== AVAILABLE DATA ==
------------
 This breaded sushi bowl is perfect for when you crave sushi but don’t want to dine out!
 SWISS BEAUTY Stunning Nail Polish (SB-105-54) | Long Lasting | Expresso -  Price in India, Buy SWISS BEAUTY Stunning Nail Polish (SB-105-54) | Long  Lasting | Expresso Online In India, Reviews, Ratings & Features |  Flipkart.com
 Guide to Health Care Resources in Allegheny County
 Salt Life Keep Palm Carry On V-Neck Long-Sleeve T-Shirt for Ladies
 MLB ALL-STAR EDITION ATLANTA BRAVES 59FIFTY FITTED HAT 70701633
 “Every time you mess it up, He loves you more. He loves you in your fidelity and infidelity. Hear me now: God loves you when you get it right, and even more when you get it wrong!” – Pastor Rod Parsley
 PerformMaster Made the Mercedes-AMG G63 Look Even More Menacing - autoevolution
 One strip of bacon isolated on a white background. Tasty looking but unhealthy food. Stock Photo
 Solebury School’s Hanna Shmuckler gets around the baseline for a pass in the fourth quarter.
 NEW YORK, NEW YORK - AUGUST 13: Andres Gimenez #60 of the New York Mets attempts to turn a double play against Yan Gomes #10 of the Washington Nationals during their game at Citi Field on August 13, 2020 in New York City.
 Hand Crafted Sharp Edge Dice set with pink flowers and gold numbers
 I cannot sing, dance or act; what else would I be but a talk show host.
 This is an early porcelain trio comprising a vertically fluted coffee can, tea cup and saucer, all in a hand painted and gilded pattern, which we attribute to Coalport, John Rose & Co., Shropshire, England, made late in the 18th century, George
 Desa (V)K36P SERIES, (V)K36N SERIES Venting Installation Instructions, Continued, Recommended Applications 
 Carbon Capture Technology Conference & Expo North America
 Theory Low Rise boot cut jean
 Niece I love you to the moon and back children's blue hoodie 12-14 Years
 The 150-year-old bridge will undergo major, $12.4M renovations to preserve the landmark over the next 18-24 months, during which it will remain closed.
------------
== WHAT TO DO ==
Pick out every line above that holds the word "This" and copy it.

== ANSWER TO THE PROBLEM ==
 This breaded sushi bowl is perfect for when you crave sushi but don’t want to dine out!
 This is an early porcelain trio comprising a vertically fluted coffee can, tea cup and saucer, all in a hand painted and gilded pattern, which we attribute to Coalport, John Rose & Co., Shropshire, England, made late in the 18th century, George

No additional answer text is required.